In this session, we will work with a dataset that describes the total abundance of beetles in different types of land use: natural forest (primary vegetation) and areas used for livestock grazing (pasture).

In this session, we will work with the cars dataset that we have used previously:

library(dplyr)

url("https://www.dropbox.com/scl/fi/4olcttgagt0sd92hg64vk/Ewers2007BeetleData.rds?rlkey=14c8qby2023lt9924bi3th0ee&dl=1") %>%
  readRDS() -> beetles

Because total abundance can only take positive values, and because the distribution of those values is highly right-skewed, we will start by log transforming this variable.

beetles %>% mutate(LogAbundance = log10(Total_abundance)) -> beetles

Specifically, we will use ANOVA to test whether the (log-transformed) total abundance of beetles varies according to land use Let’s start by plotting a boxplot of this relationship:

library(ggplot2)
ggplot(data = beetles,mapping = aes(x = LandUse,y = Total_abundance)) + 
  geom_boxplot(mapping = aes(fill = LandUse), notch = TRUE) + 
  scale_y_continuous(transform = 'log10') + 
  theme_classic()

It certainly looks as though there is higher beetle abundance in natural forests compared to pastures, but we will use an ANOVA to test whether this is a statistically significant relationship.
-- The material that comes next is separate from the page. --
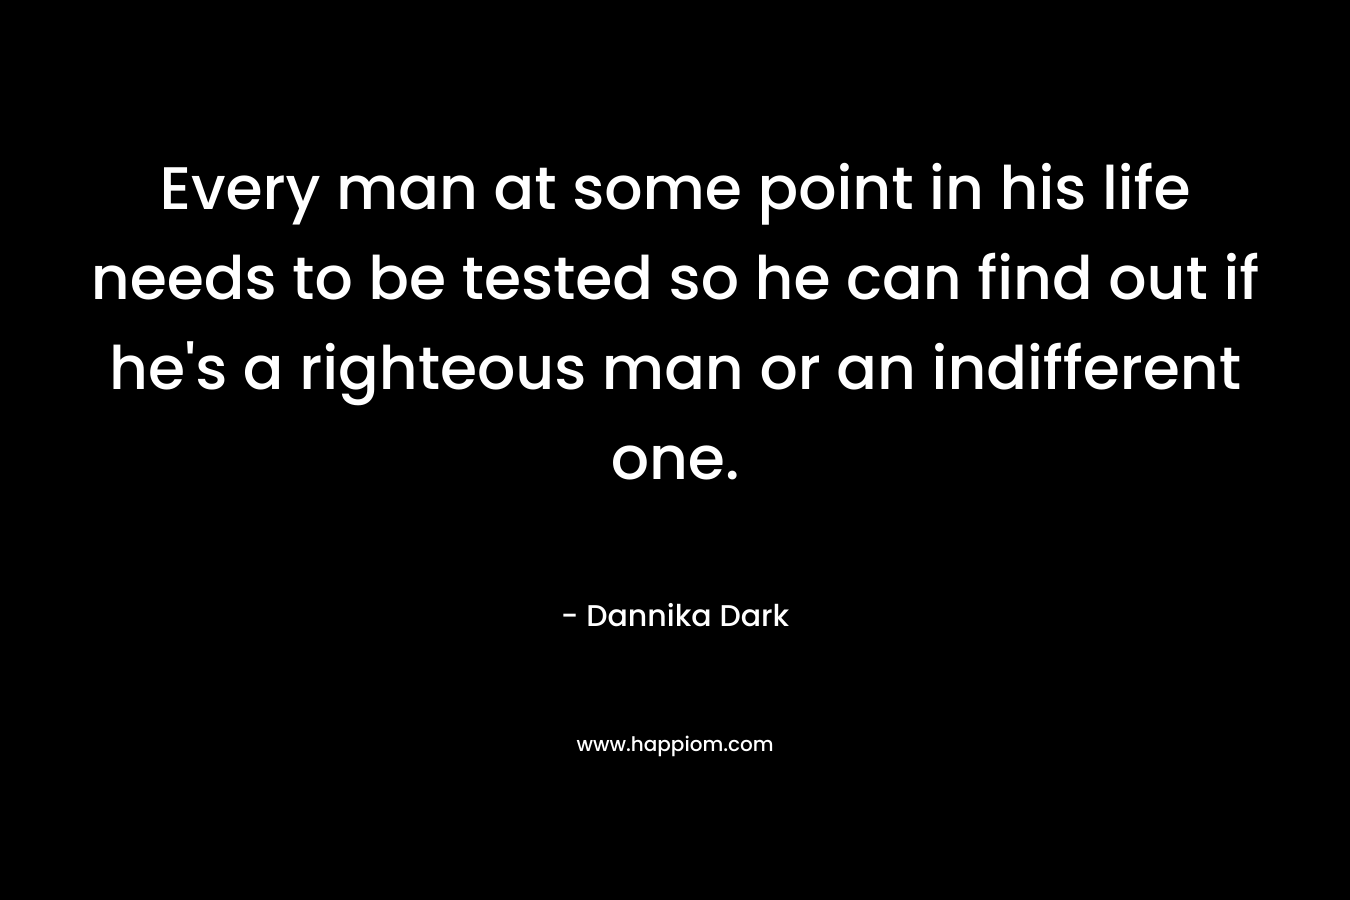 Every man at some point in his life needs to be tested so he can find out if he's a righteous man or an indifferent one.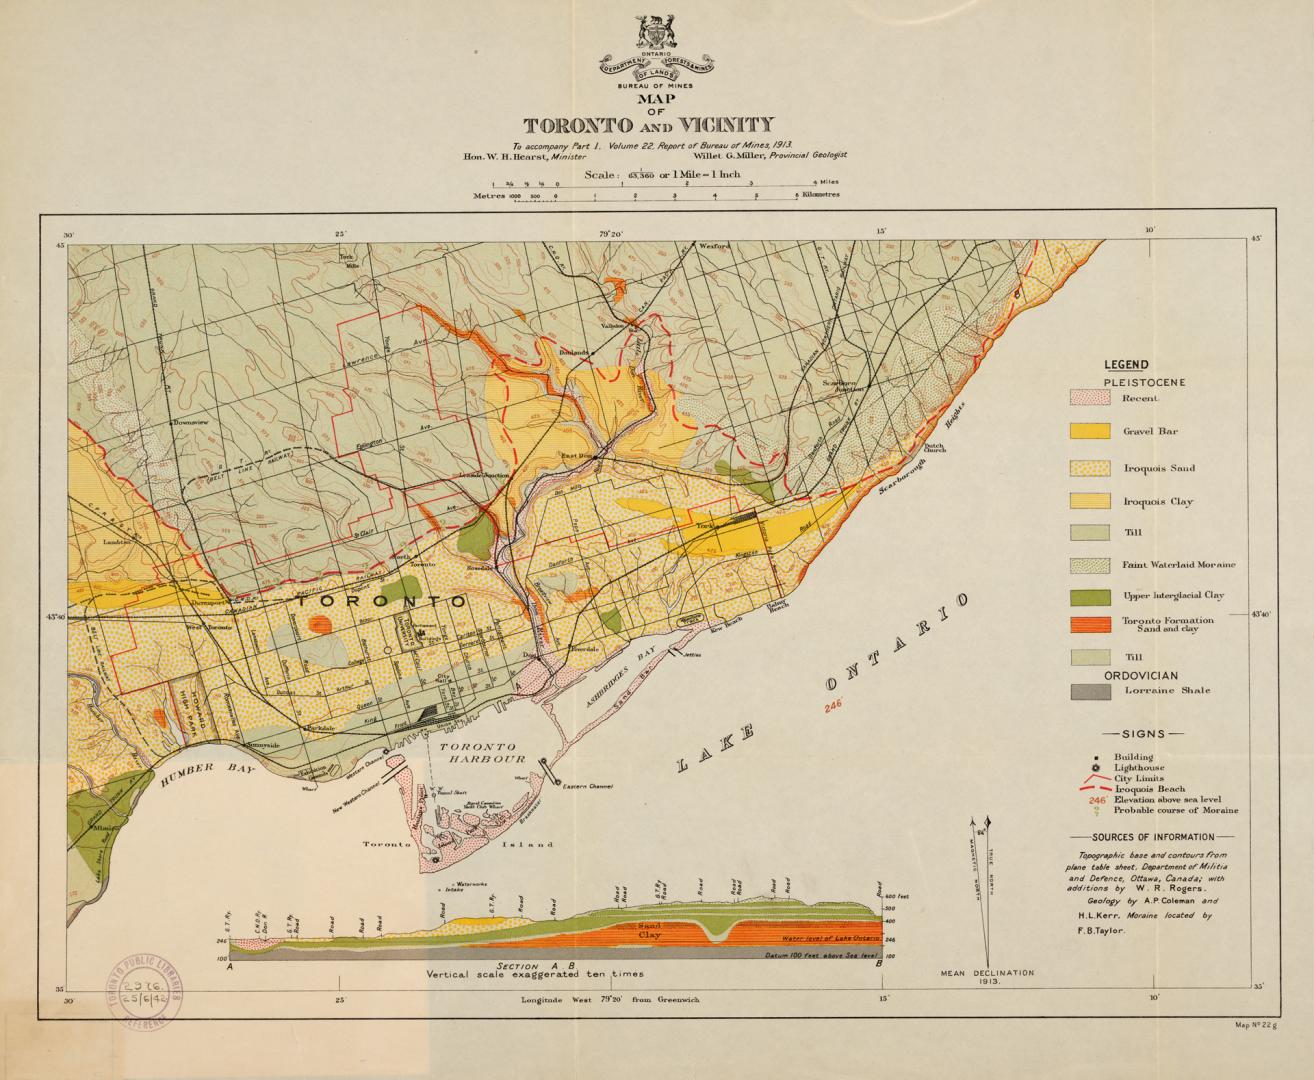 Map of Toronto and vicinity

Manual Calculation of ANOVA

Basic principles of ANOVA

To run an ANOVA by hand, we first need to calculate the F ratio. We can then compare this value to the F distribution to obtain a P value (i.e., the probability of obtaining the observed differences among groups by chance, given the null hypothesis that there are actually no differences among the groups). The F ratio is the ratio of the mean of squares between groups to the mean of squares within groups: \[F = \frac{MS_{between}}{MS_{within}}\]

The mean of squares is the sum of squares divided by the degrees of freedom: \[MS_{between} = \frac{SS_{between}}{DF_{between}}\] \[MS_{within} = \frac{SS_{within}}{DF_{within}}\]

For a dataset with \(N\) total samples and \(K\) treatment groups, the degrees of freedom are as follows: \[DF_{between} = K - 1\] \[DF_{within} = N - K\] \[DF_{total} = N - 1\]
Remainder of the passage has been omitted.